L4 Module - SSH reverse proxy example

I am looking for an example ssh reverse proxy config using the L4 module. The documentation for the module is pretty sparse, and a working example would be helpful.

The machine running caddy will listen on a specific port for ssh, let’s use 2222 and then will reverse proxy that port back to a machine over tailscale (port 22) that I already use for a HTTP reverse proxy (works nicely).

Trying to piece one together from the docs…

what do the following keys actually get used for? They seem more like placeholders for config structure only.

  • “apps”
  • “servers”
  • “example”
{
  "apps": {
    "layer4": {
      "servers": {
        "example": {
          "listen": [
            "0.0.0.0:2222"
          ],
          "routes": [
            {
              "match": [
                {
                  "ssh": []
                }
              ],
              "handle": [
                {
                  "handler": "proxy",
                  "upstreams": [
                    {
                      "dial": [
                        "server_over_tailscale:22"
                      ]
                    }
                  ]
                }
              ]
            }
          ]
        }
      }
    }
  }
}

Caddy at its core is a “configuration platform”, and it can run one or more “apps” to do whatever you configure it to do (as long as there’s an app compiled in that does what you want, obviously). See the architecture doc to get a deeper explanation:

The layer4 server can have multiple servers configured, so it needs somewhere to hold the config in a structure.

JSON config gets transformed into Go structures, and the layer4 app’s struct looks like this:

This is the name of the server you’re configuring. The name doesn’t really do anything, it’s just a unique key for that server in the config. You can have more than one server.

If you were to use the admin API to push config changes, then knowing the name of the server you want to change is important so you’re not changing the config of the wrong server, etc.

2 Likes

Thank you for the explanation around the configuration structure. Would the example I posted be included below existing configuration for reverse proxies?

nextcloud.frigidcode.dev {
  encode gzip
  reverse_proxy demigod:11000
}

{
  "apps": {
    "layer4": {
      "servers": {
        "example": {
          "listen": [
            "0.0.0.0:2222"
          ],
          "routes": [
            {
              "match": [
                {
                  "ssh": []
                }
              ],
              "handle": [
                {
                  "handler": "proxy",
                  "upstreams": [
                    {
                      "dial": [
                        "server_over_tailscale:22"
                      ]
                    }
                  ]
                }
              ]
            }
          ]
        }
      }
    }
  }
}

Unfortunately, you can’t mix JSON and Caddyfile config together. You need to either only use Caddyfile or only JSON.

Of course caddy-l4 doesn’t support Caddyfile, so your only option is to use only JSON in this case.

What you need to do is write your Caddyfile for your HTTP server, then run caddy adapt --config <path-to-config> to convert it to JSON.

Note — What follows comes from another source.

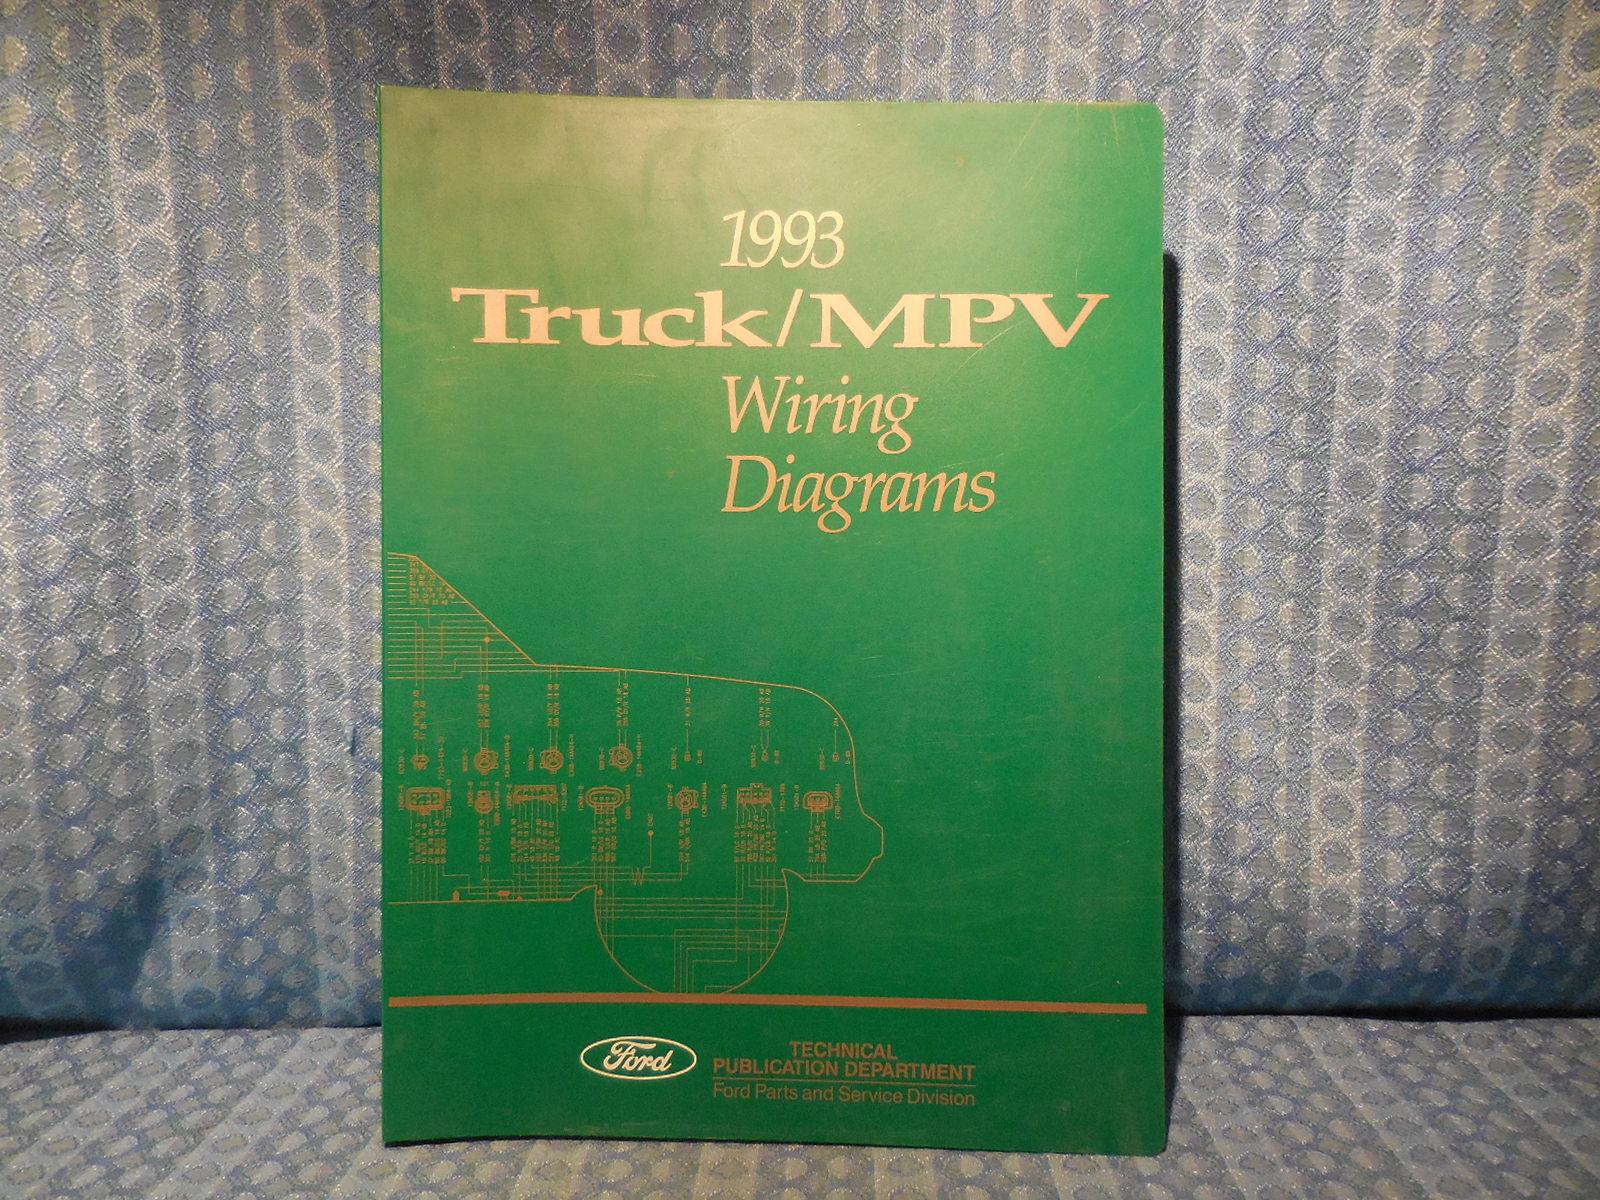 Regulator Wiring Diagram As Well 1993 Ford Wiper Motor Wiring Diagrams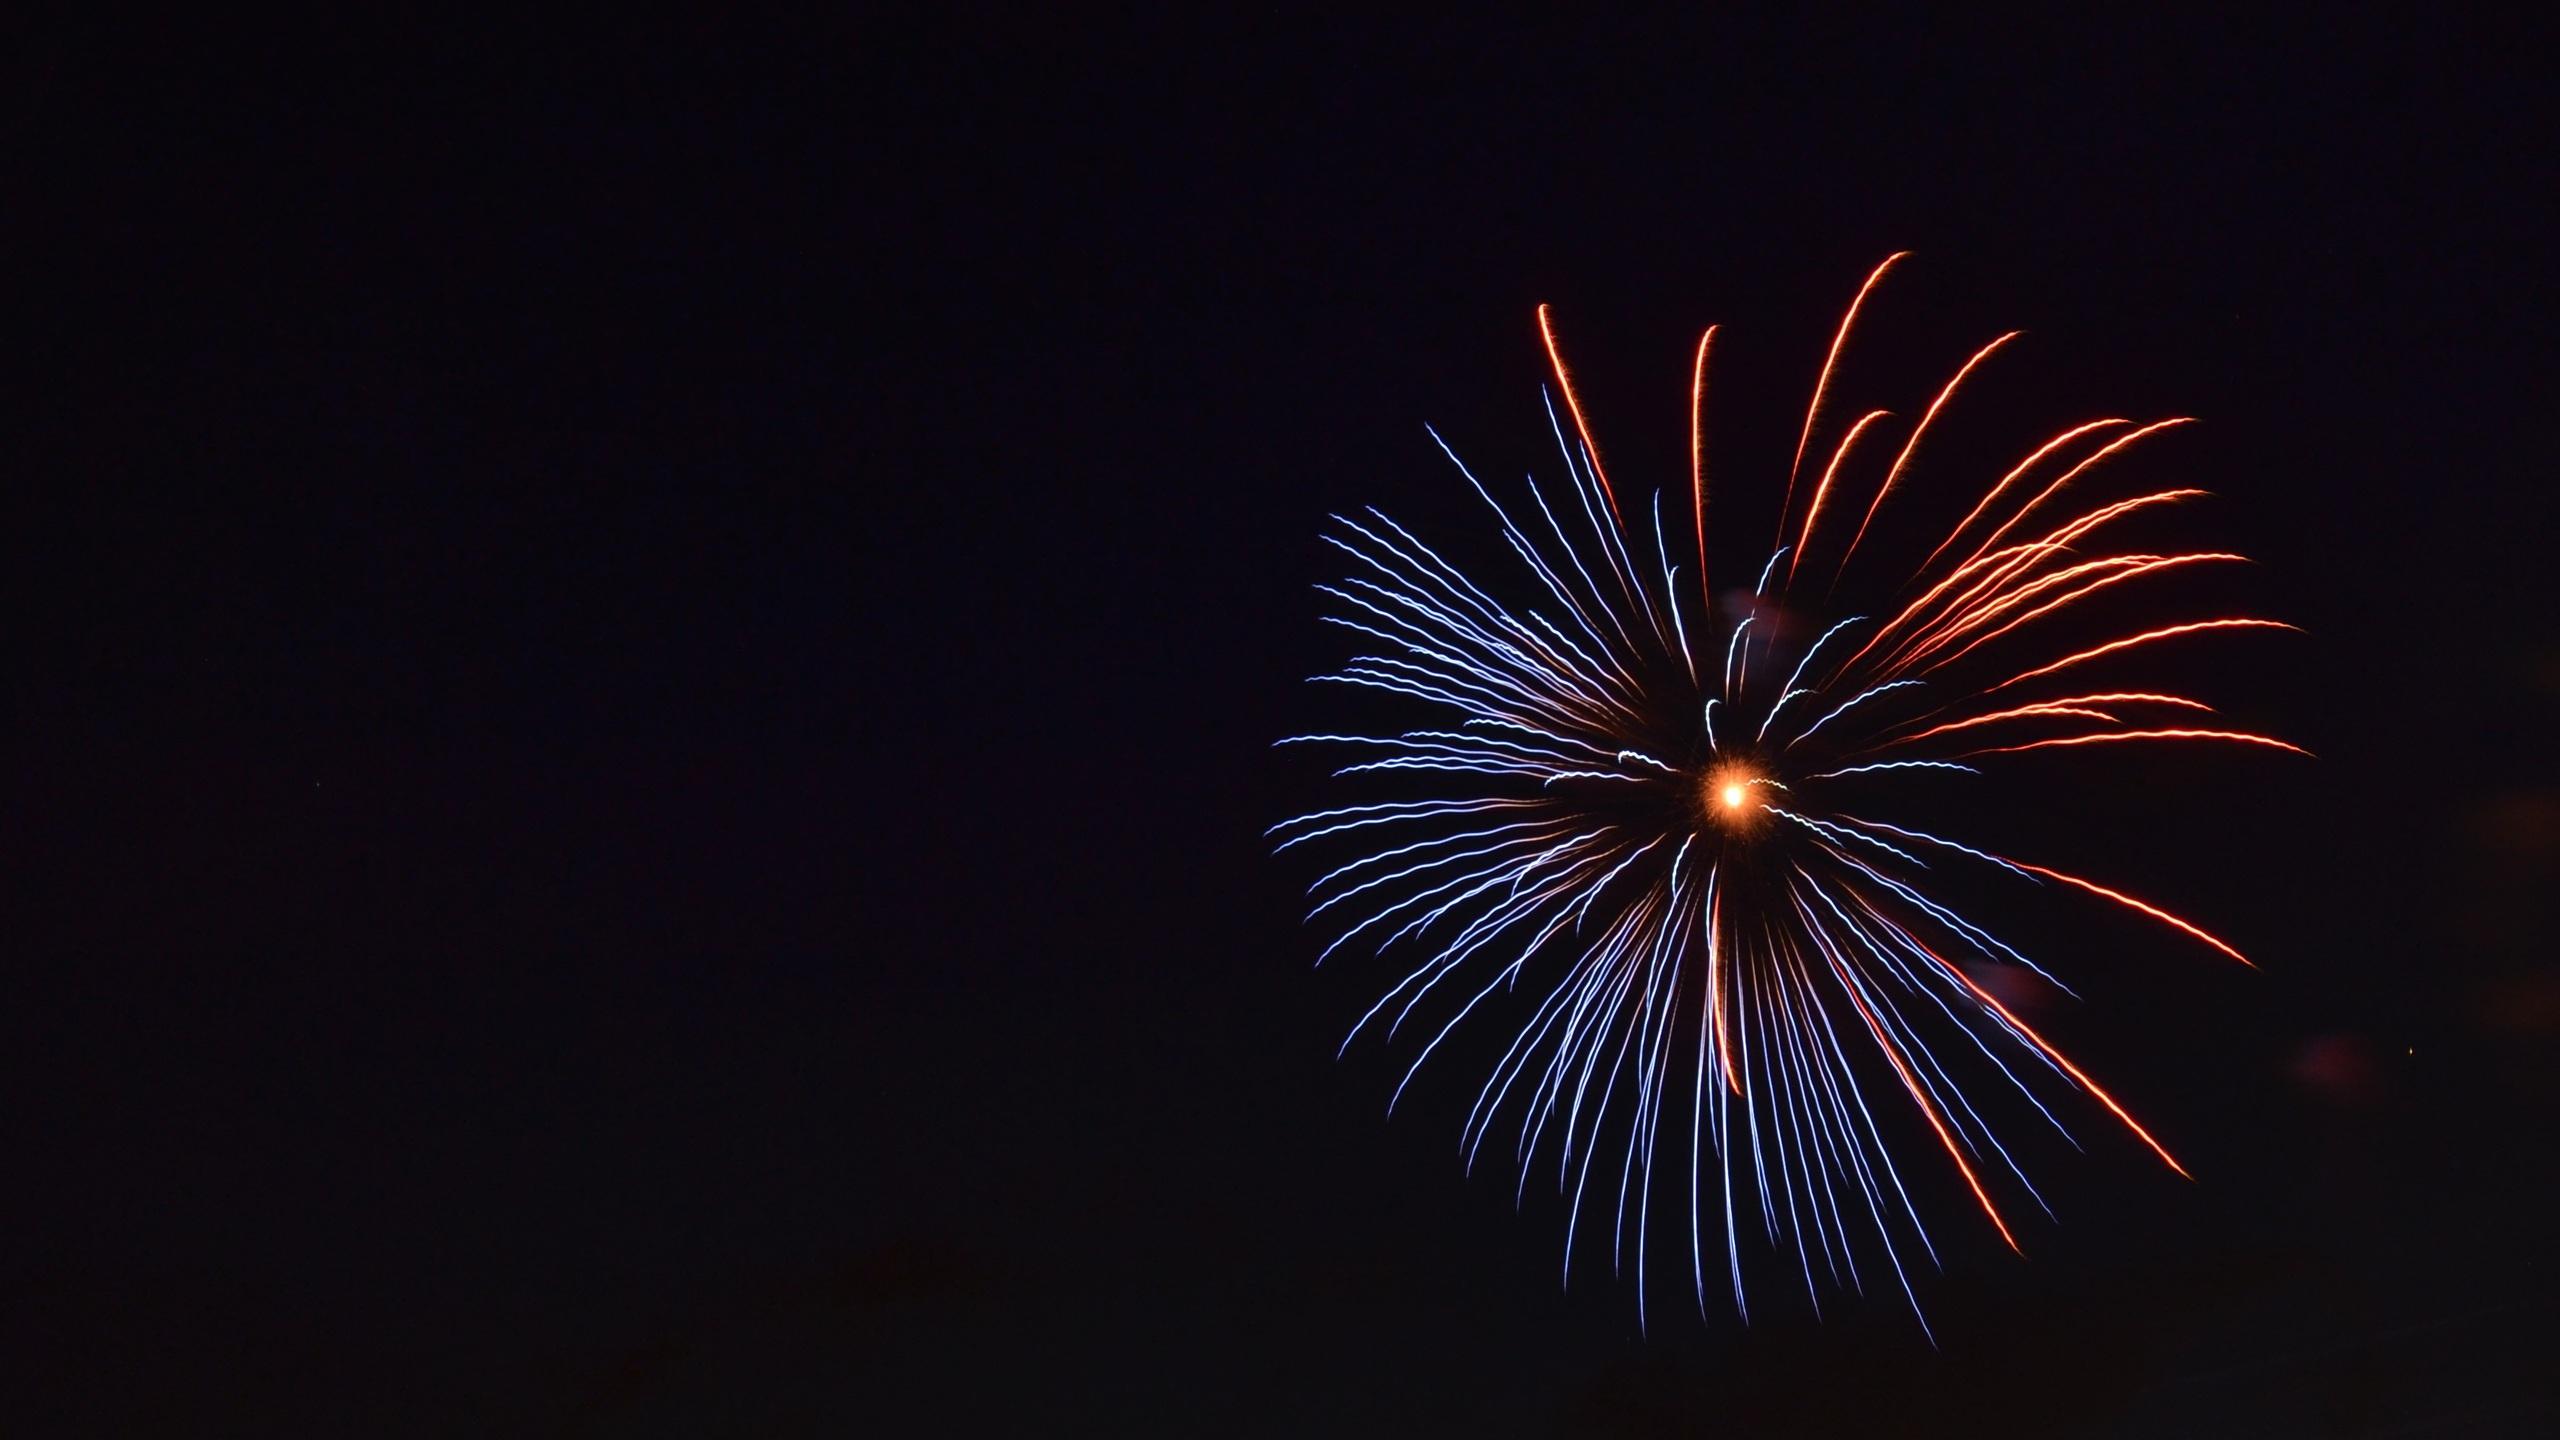 fireworks-flare-up-gi.jpg

There’s no way to go from JSON back to Caddyfile, so just keep your Caddyfile around for reference, and it can give you a head-start on what the equivalent thing is in JSON from adapting it.

1 Like

I see that the JSON document can be consumed by Caddy via HTTP to configure the running instance, but how do I use a json file in the same fashion as the Caddyfile? I looked but couldn’t find a way to load it via CLI tooling, and couldn’t find mention of it being read from disk.

The exact same way.

caddy run --config /path/to/your/config.json

To clarify the docs, the default config language for Caddy is JSON, and is how Caddy runs under the hood. But most users use the Caddyfile because it’s much easier to user overall. The Caddyfile is an adapter that turns the config into JSON which Caddy actually runs with.